If this indeed is the case, it would be great if you could expand the code so that Biotite is capable of retrieving bond information from this edge case of PDB files.

Thanks in advance.

Regards

docking_pose_GR_51_balanced.01.docx

claudejrogers commented 2 years ago

PDB files have different "record" types indicated by the first 6 characters in each line (e.g., ATOM, HETATM, CONECT). Bond information is only necessary for HETATM records in the PDB with corresponding CONECT entries.

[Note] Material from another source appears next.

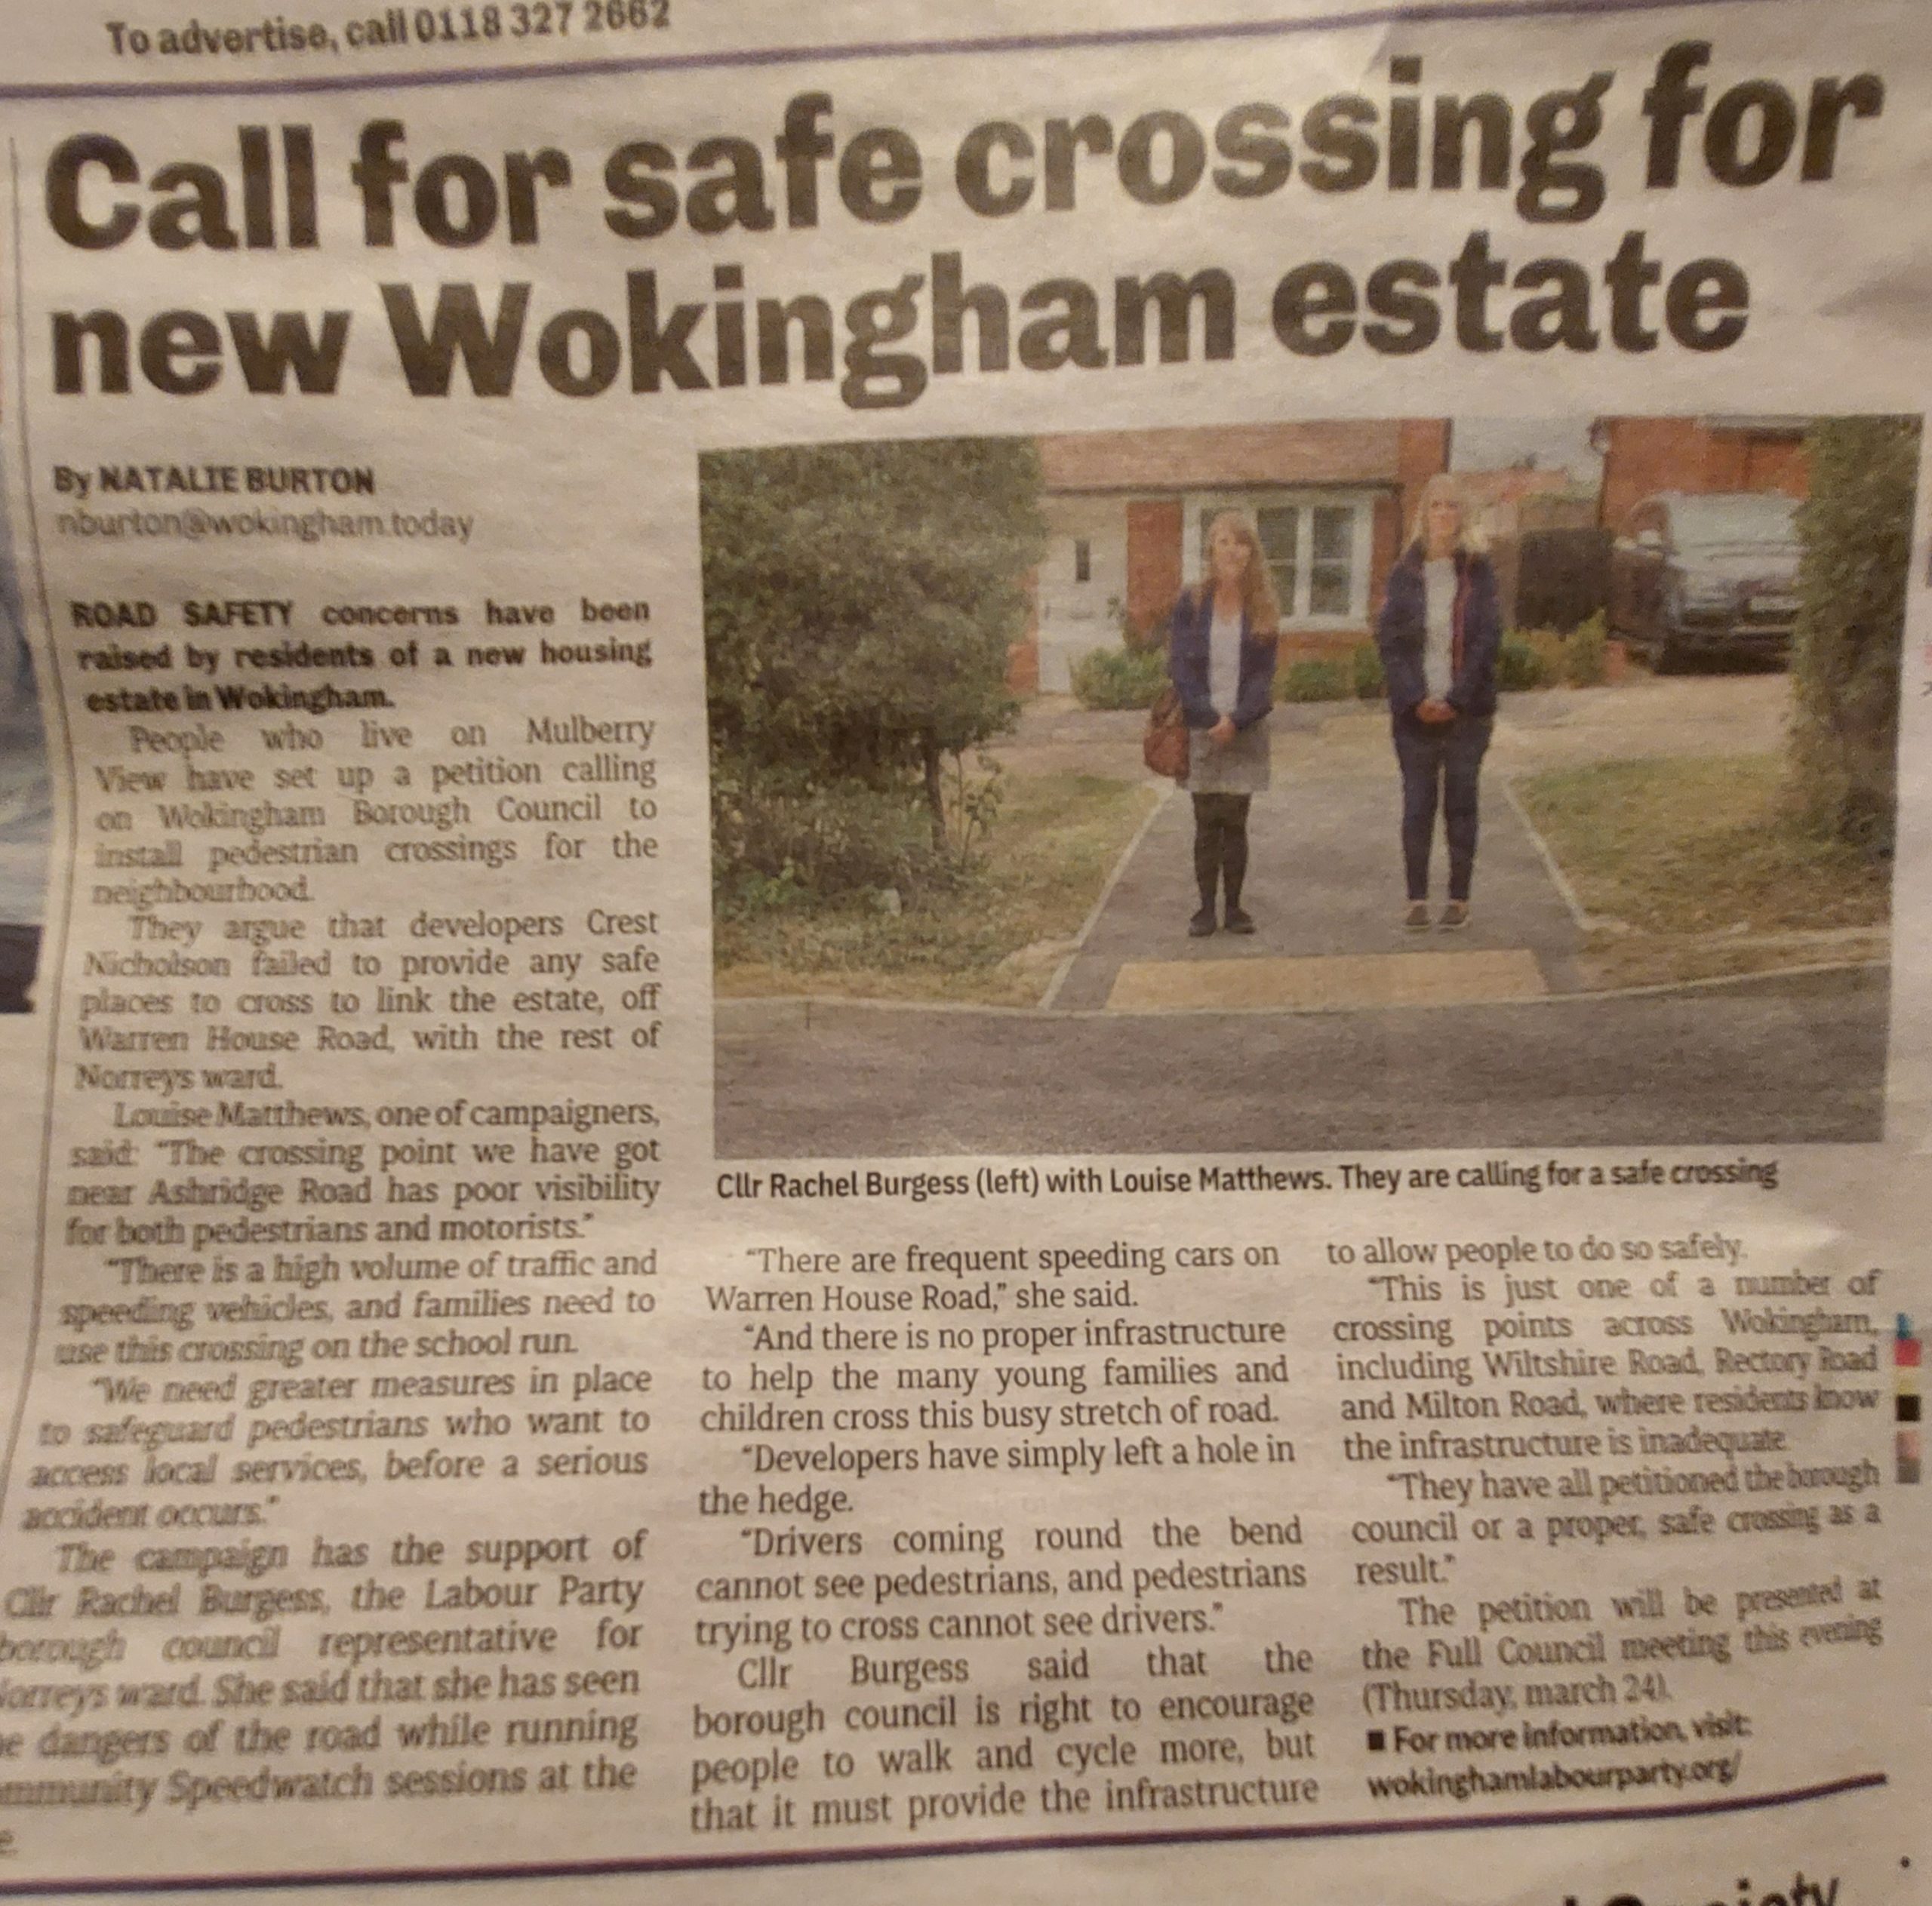 Wokingham.Today coverage of the campaign for a safe crossing on Warren House Road.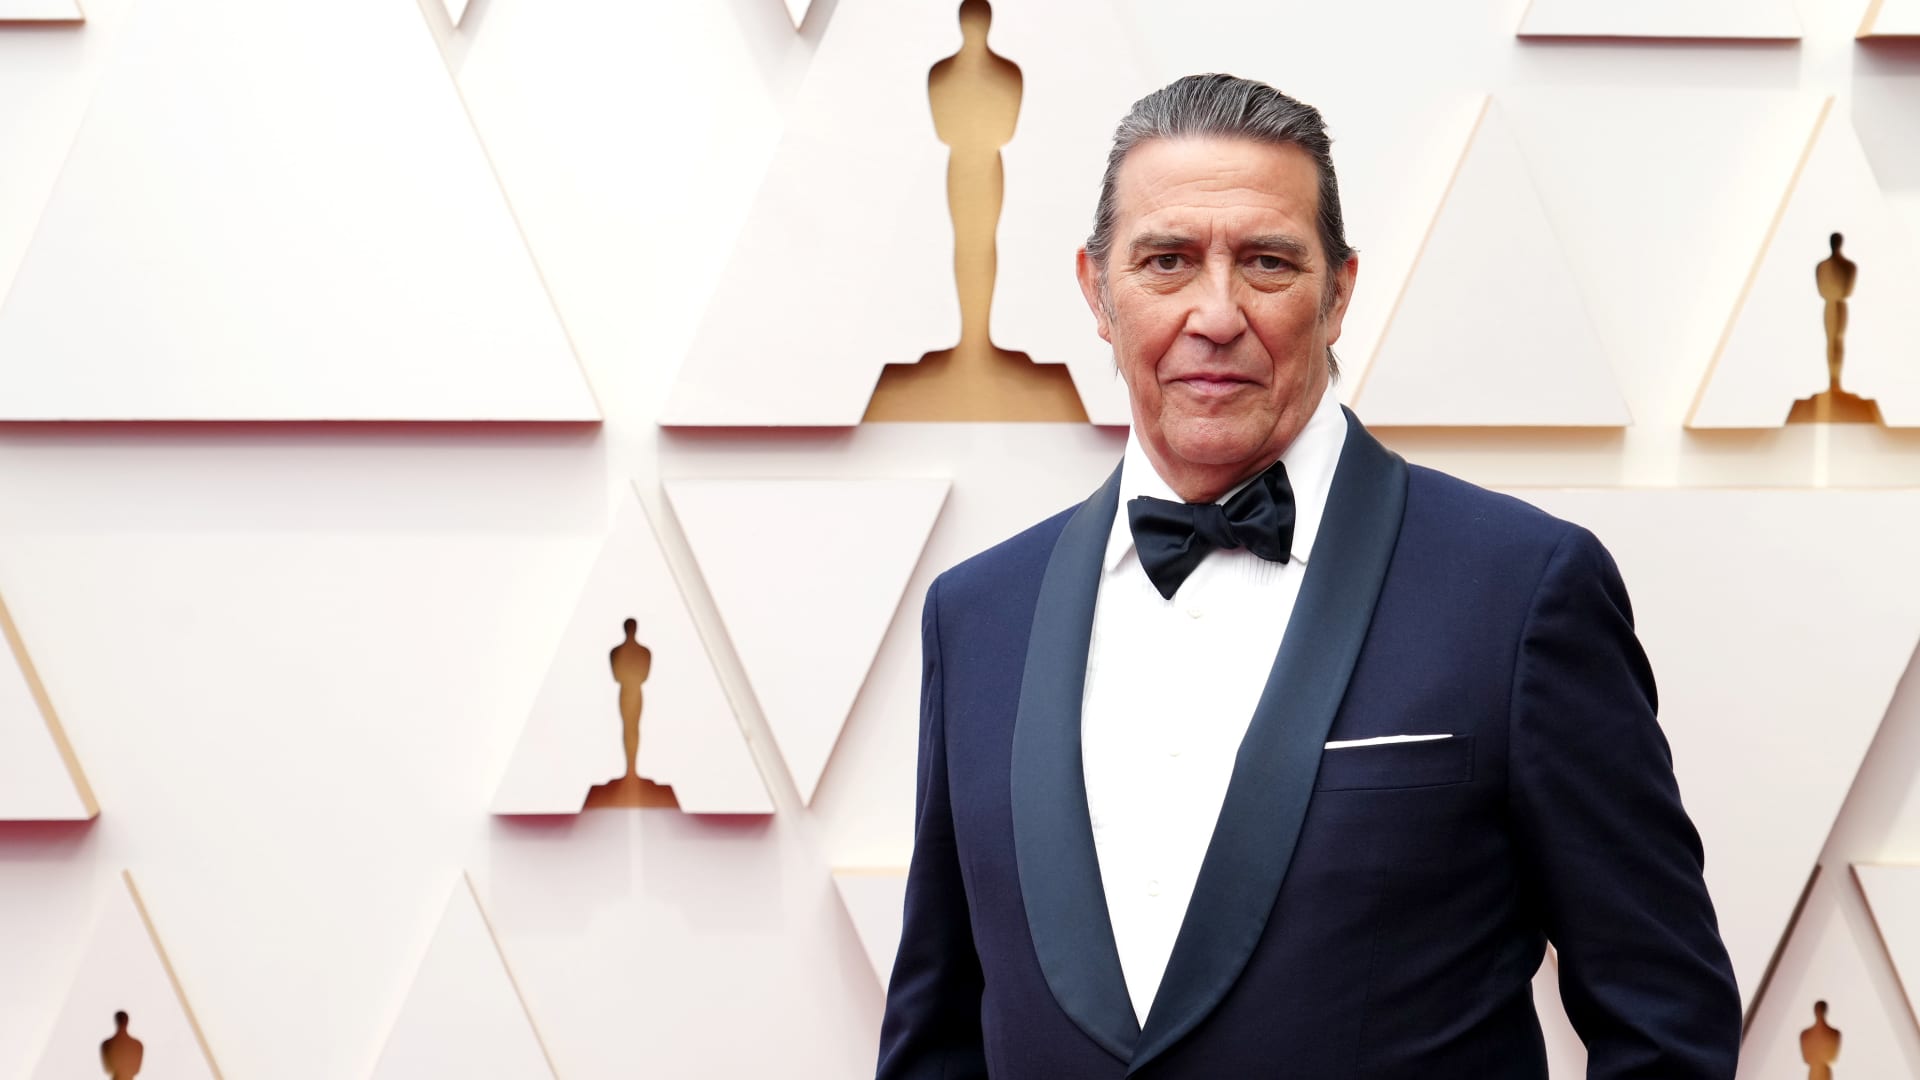 Ciarán Hinds attends the 94th Annual Academy Awards at Hollywood and Highland on March 27, 2022 in Hollywood, California.

The CONECT entries describe the bonds between HETATM records, but aren't necessary for ATOM records since it is known how amino acids are bonded together. If your structure only has protein atom records (lines starting with ATOM), you can set include_bonds=False. Different proteins are differentiated by the chain ID and would be separated by a TER record, which are ignored when parsing the file (as is END).

The problem with your file is that it restarts the atom_id numbers between the two structures, which biotite doesn't expect.

padix-key commented 2 years ago

I agree with @claudejrogers: Biotite and the PDB standard expects that the atom IDs are unique, which is not the case for your file. However, I think an InvalidFileError would be more descriptive here. Hence, I will keep this issue open.

To make your example work. you can calculate the bonds afterwards. Since the file does not contain any CONECT records anyway and PDBFile uses connect_via_residue_names() under the hood, the result should be the same to include_bonds=True (if it worked in your case).

from biotite.structure.io.pdb import PDBFile
import biotite.structure as struc

suspicious_pdb_file = PDBFile.read("/home/kunzmann/downloads/test.pdb")
atom_array = suspicious_pdb_file.get_structure(model=1)
atom_array.bonds = struc.connect_via_residue_names(atom_array)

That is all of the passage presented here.